Я прошел школу матери.

И поскольку видел отца я от силы час в день и еще меньше по выходным, ее уроки по выживанию в доме приходились на время ужина и последующей игры в карты.

Требования отца к ужину отличались жесткостью. Закон первый гласил: «Никаких консервов!» Это было обязательно всегда. Все фрукты и овощи должны были быть свежими. Второй закон: пища должна быть приготовлена качественно, он терпеть не мог вида крови в мясе.

Ел он отчаянно быстро, поглощая еду прожорливо, как животное. Чистое насыщение ценилось им превыше остальных требований к желудку. Если он ничего не говорил, это значило, что старания матери его удовлетворили.

Она редко ела при нем. Обычно стояла немного сзади и смотрела, как блюда исчезают у него во рту, и добавляла из кастрюли. Пища исчезала в течение нескольких секунд. Затем он издавал урчащие звуки, долженствующие показать его удовлетворение, куском хлеба вытирал соус на тарелке. Никаких разговоров.

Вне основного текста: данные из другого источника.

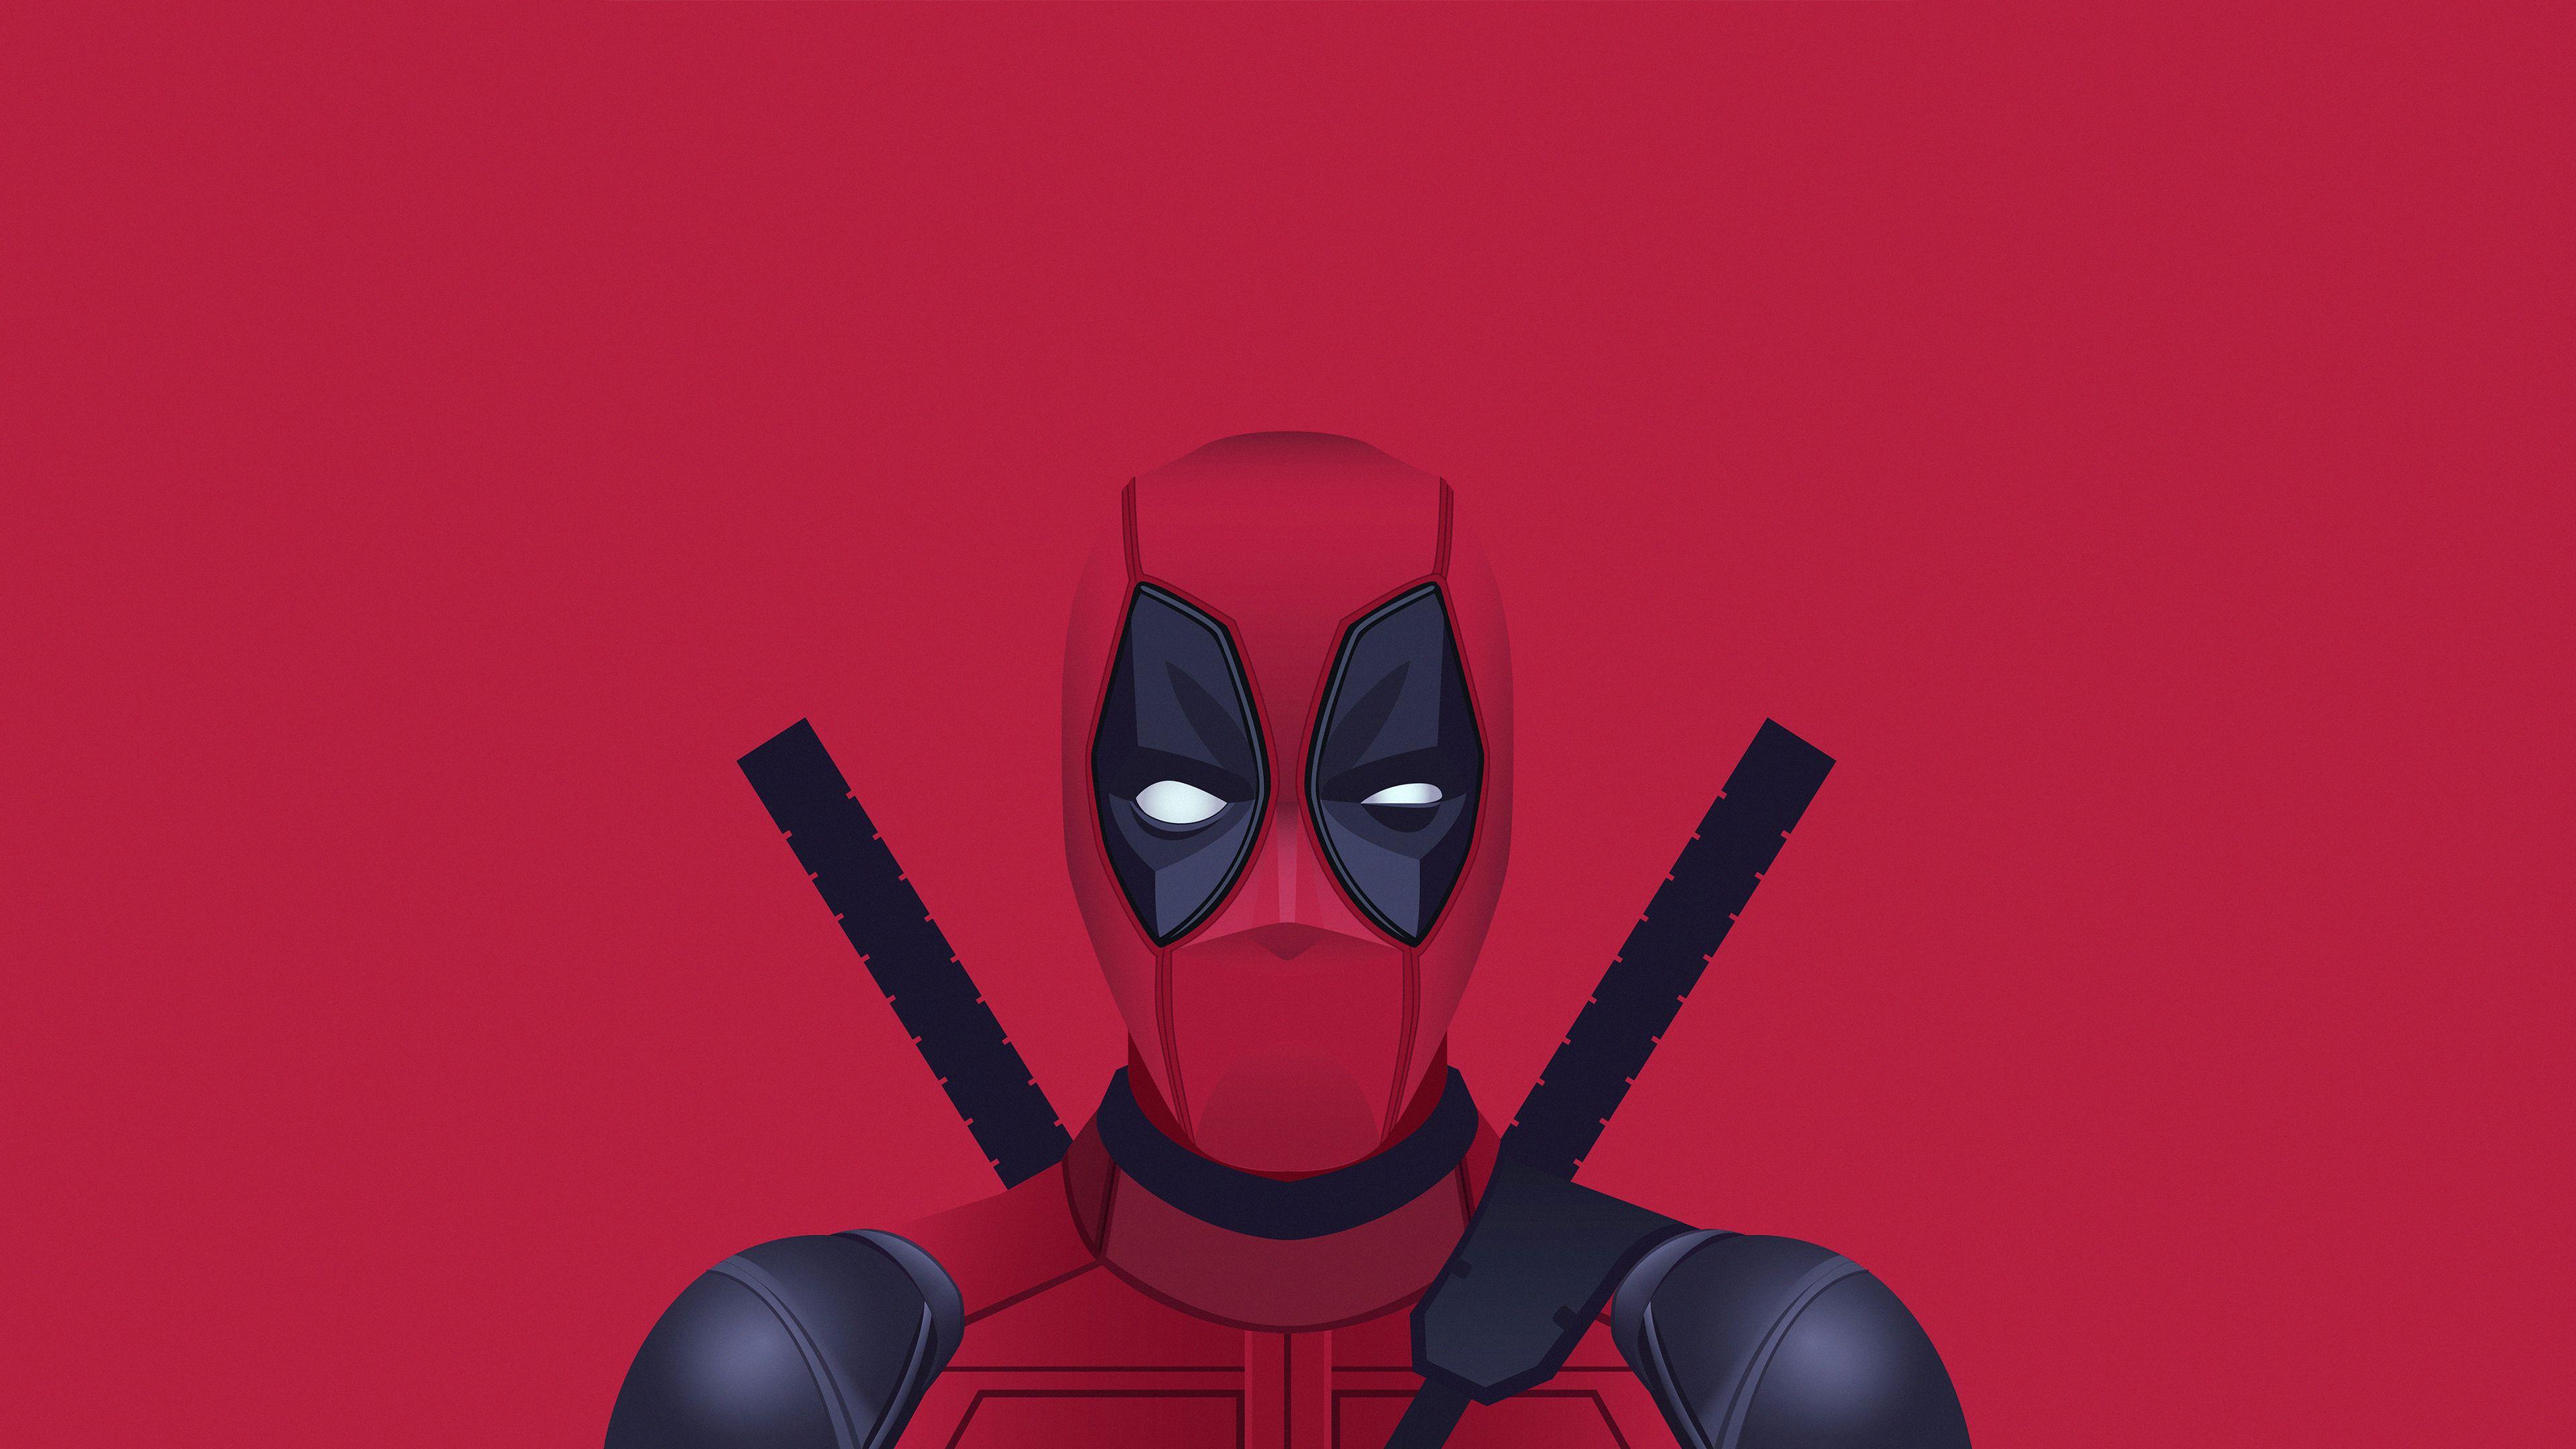 Deadpool Arts 4k Superheroes Wallpapers Hd Wallpapers Digital Art Wallpapers Deadpool Wallpapers Behance Wall Deadpool Art Deadpool Wallpaper Art Wallpaper

Его единственной нежностью были фрукты. Сладкий белый виноград, столь любимый им, напоминал ему о винограде, который рос на анатолийском высокогорье, в деревне его детства и юности. Там же росли и абрикосы, и зрели они на деревьях, а не в ящиках на рынке. Поэтому если он видел виноград этого сорта или зрелые абрикосы, то не думая покупал их и приносил домой.

Мать тоже покупала фрукты где только можно. Но он отличал, какие фрукты купила мать, а какие — он. Выбор матери только доказывал лишний раз то, что не требовало доказательств, — никто, кроме него, не мог выбрать достойный экземпляр. В нем билась жилка утонченного ценителя. Он брал в руки дыню и погружался в ее исследование, вертя ее во все стороны, находил точку, самую мягкую, самое брюшко дыни, совал к ней нос и втягивал в себя запах. Так он решал пригодность дынь. Арбуз он обхаживал по-другому. Он взвешивал его в руке и шлепал по нему, затем как-то особенно оглядывал его. Я так и не научился этому искусству. Секрет он унес в могилу.

Ужин заканчивался турецким кофе. Это была еще одна причина, по которой мать почти не сидела с ним за столом. Она должна была точно угадать время подачи кофе. Ведь чтобы сварить его — требовалась одна минута. Отец любил кофе с пенками, горячий, сразу же за фруктами. И ему нравилось, как мать готовит кофе. Единственное одобрение, высказываемое матери, касалось именно кофе, он упоминал moussaka — изумительное смешение, или tass kebab — сочность. Не могу представить, чтобы он любил мою мать плотски так же нежно, как он любил дыни, кофе и еду.

После еды на его лице проступало изнеможение. Я всегда считал, что он устает только после еды. Но теперь я знаю, что поспать для него после еды было таким же естественным желанием, как для насытившегося хищника. Сразу же, допив последнюю каплю кофе, он вставал и направлялся к кушетке. Там он вытягивался на боку, ладонь под голову и через тридцать секунд засыпал. Еще через минуту — храпел.

После этого мать могла доесть остатки ужина, оставленные на столе. Она ела медленно и вдумчиво, в том состоянии успокоения, которое следовало за возбуждением, в настрое полного умиротворения, которое следовало за горячкой. Она ела спокойно и слушала храп хозяина. Она выдержала еще одно испытание ужином. Как обычно, блестяще.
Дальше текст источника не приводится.